- _Exercise objective_: Restate the data exactly as given and keep the pictures out.

- _Recorded data_:

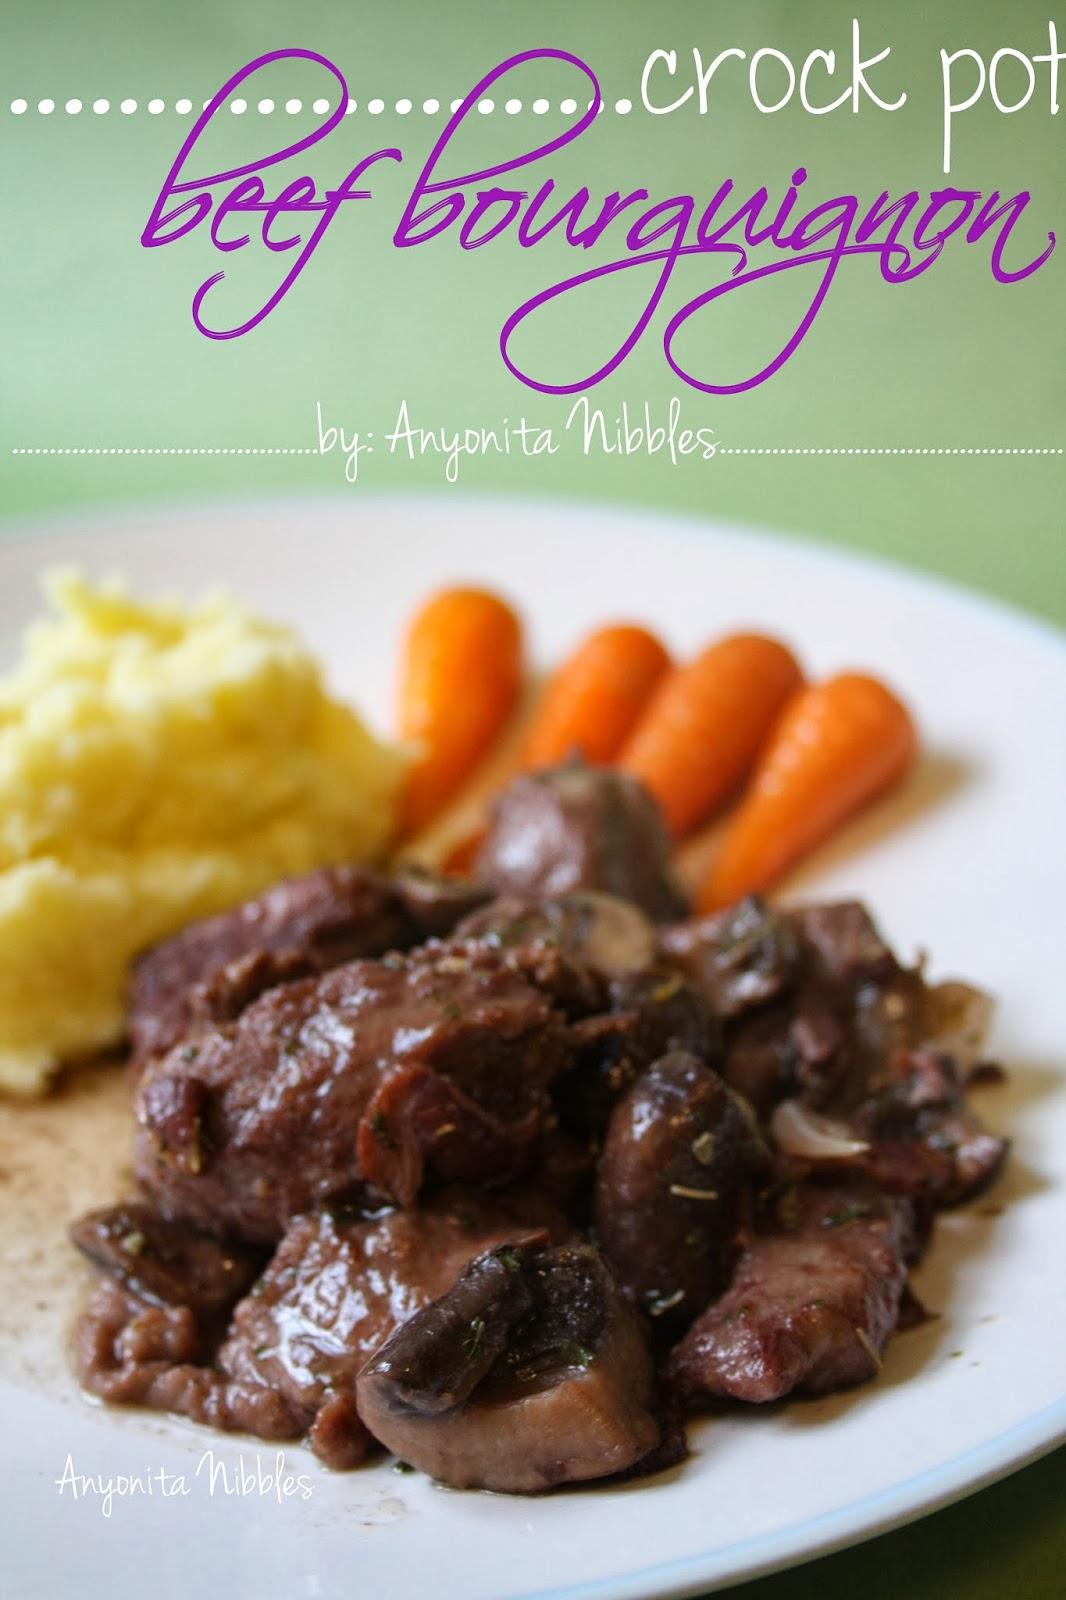 anyonita nibbles gluten free recipes gluten free crock pot beef bourguignon recipe with step
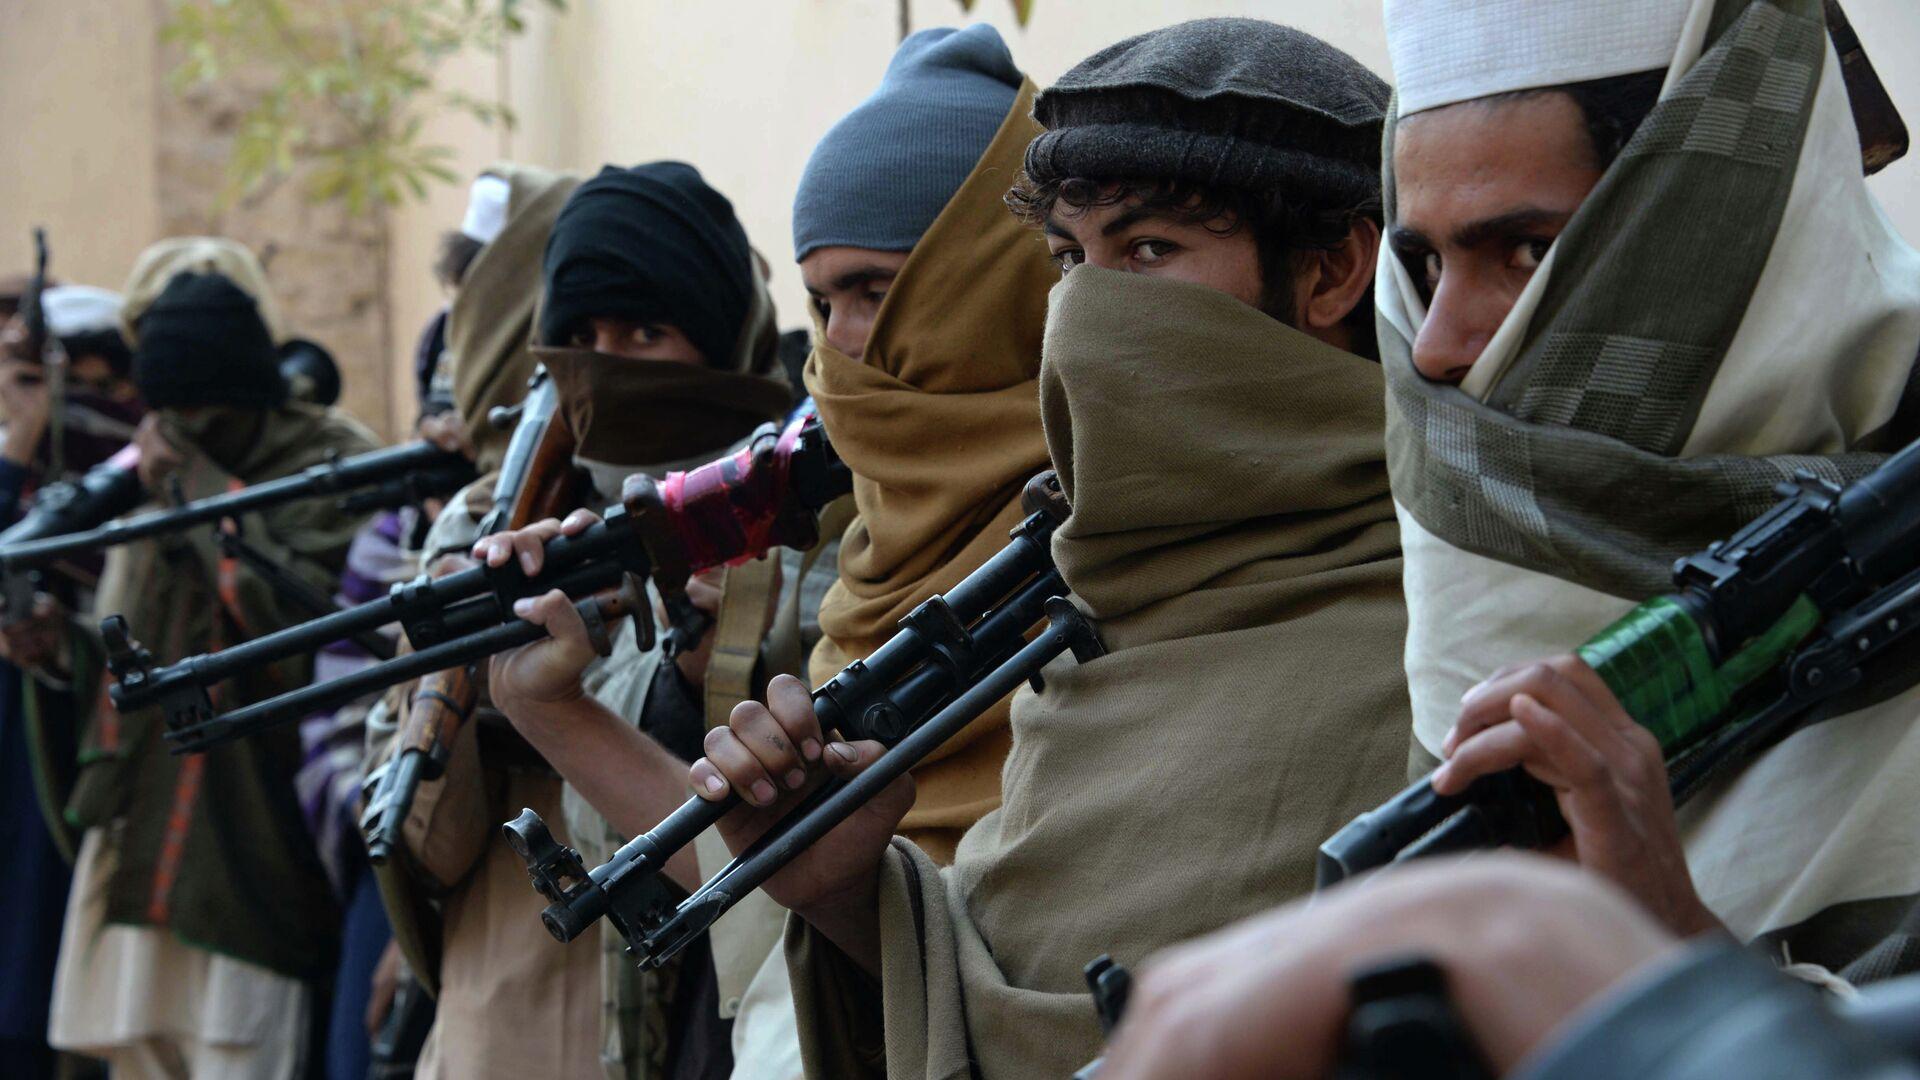 Combatientes de Talibán en Afganistán - Sputnik Mundo, 1920, 18.07.2021
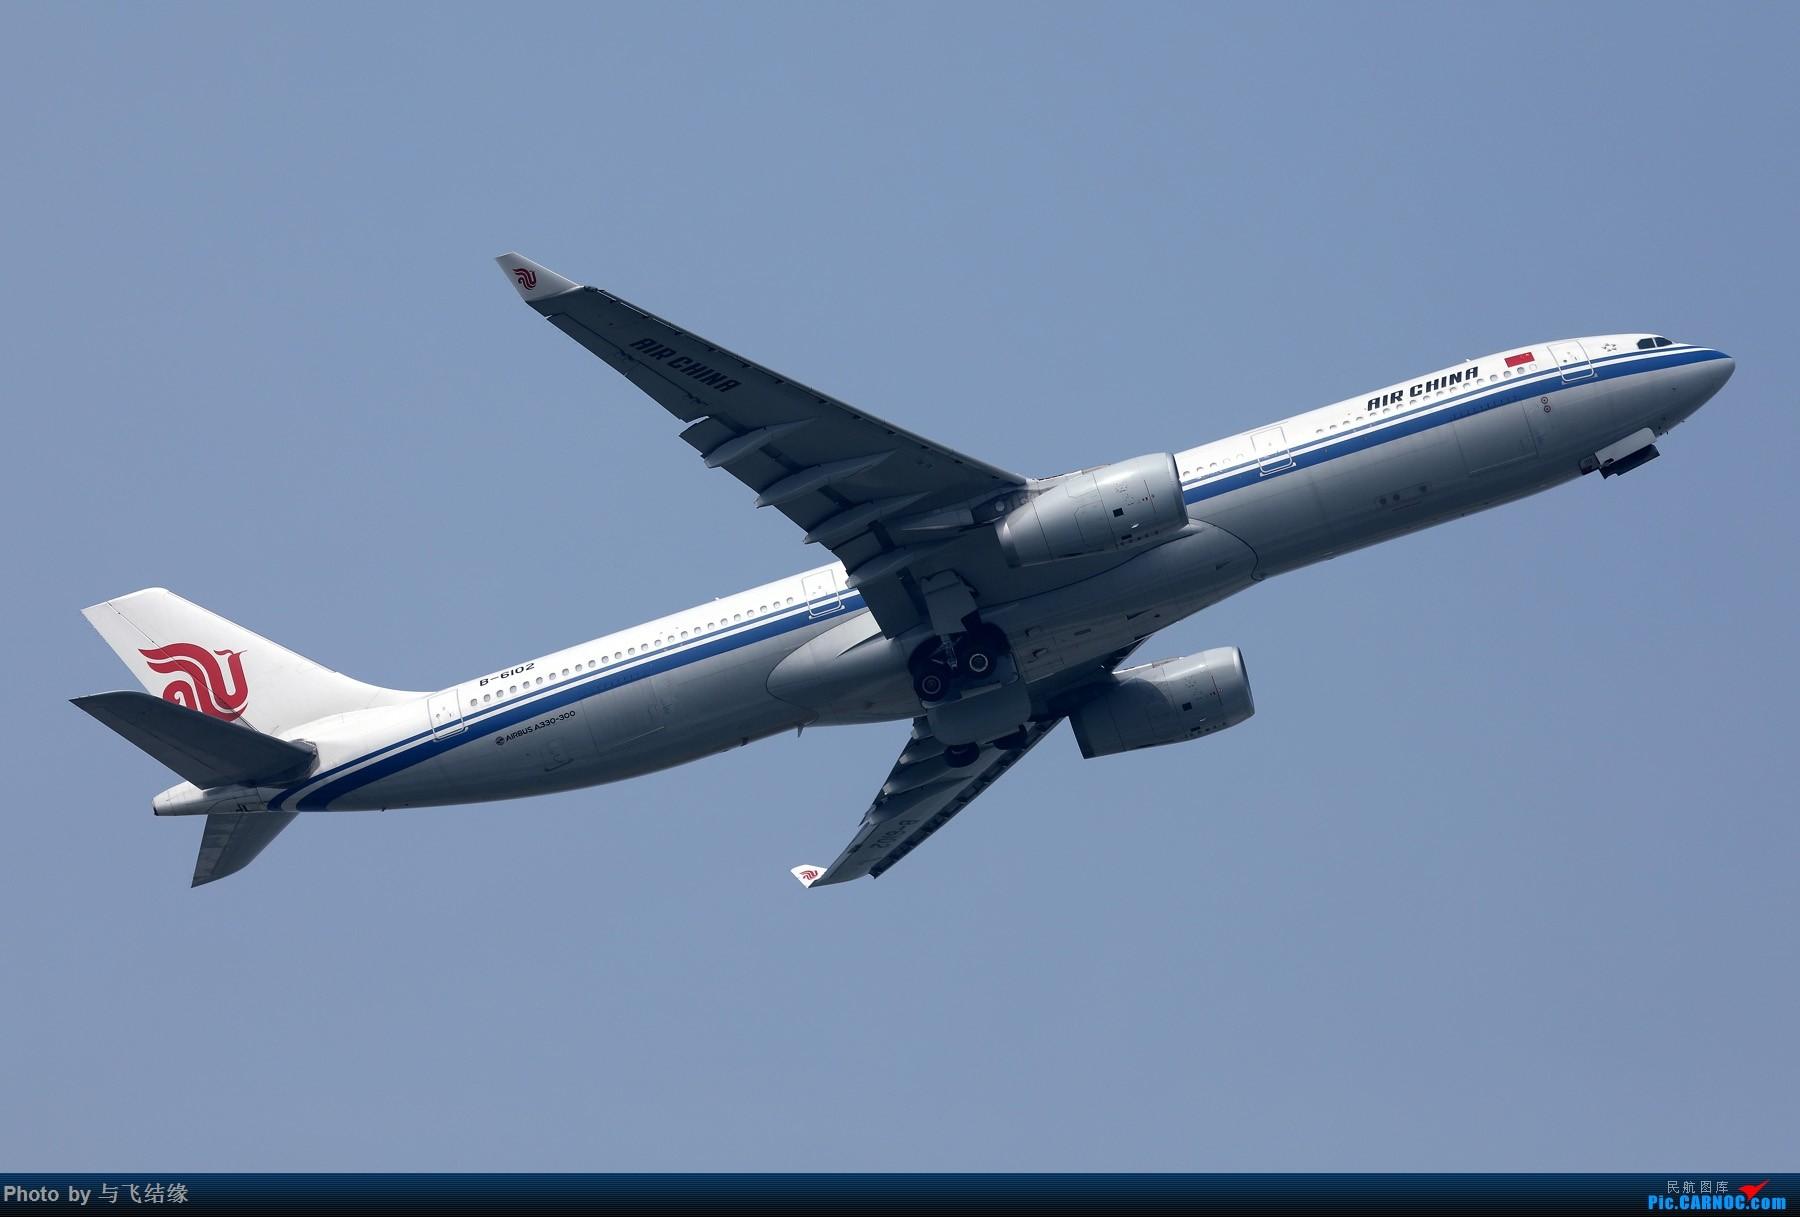 Re:[原创]周末发图一组中外混搭组合! AIRBUS A330-300 B-6102 中国北京首都国际机场

- _Solution_:
 anyonita nibbles gluten free recipes gluten free crock pot beef bourguignon recipe with step
 Combatientes de Talibán en Afganistán - Sputnik Mundo, 1920, 18.07.2021
 Re:[原创]周末发图一组中外混搭组合! AIRBUS A330-300 B-6102 中国北京首都国际机场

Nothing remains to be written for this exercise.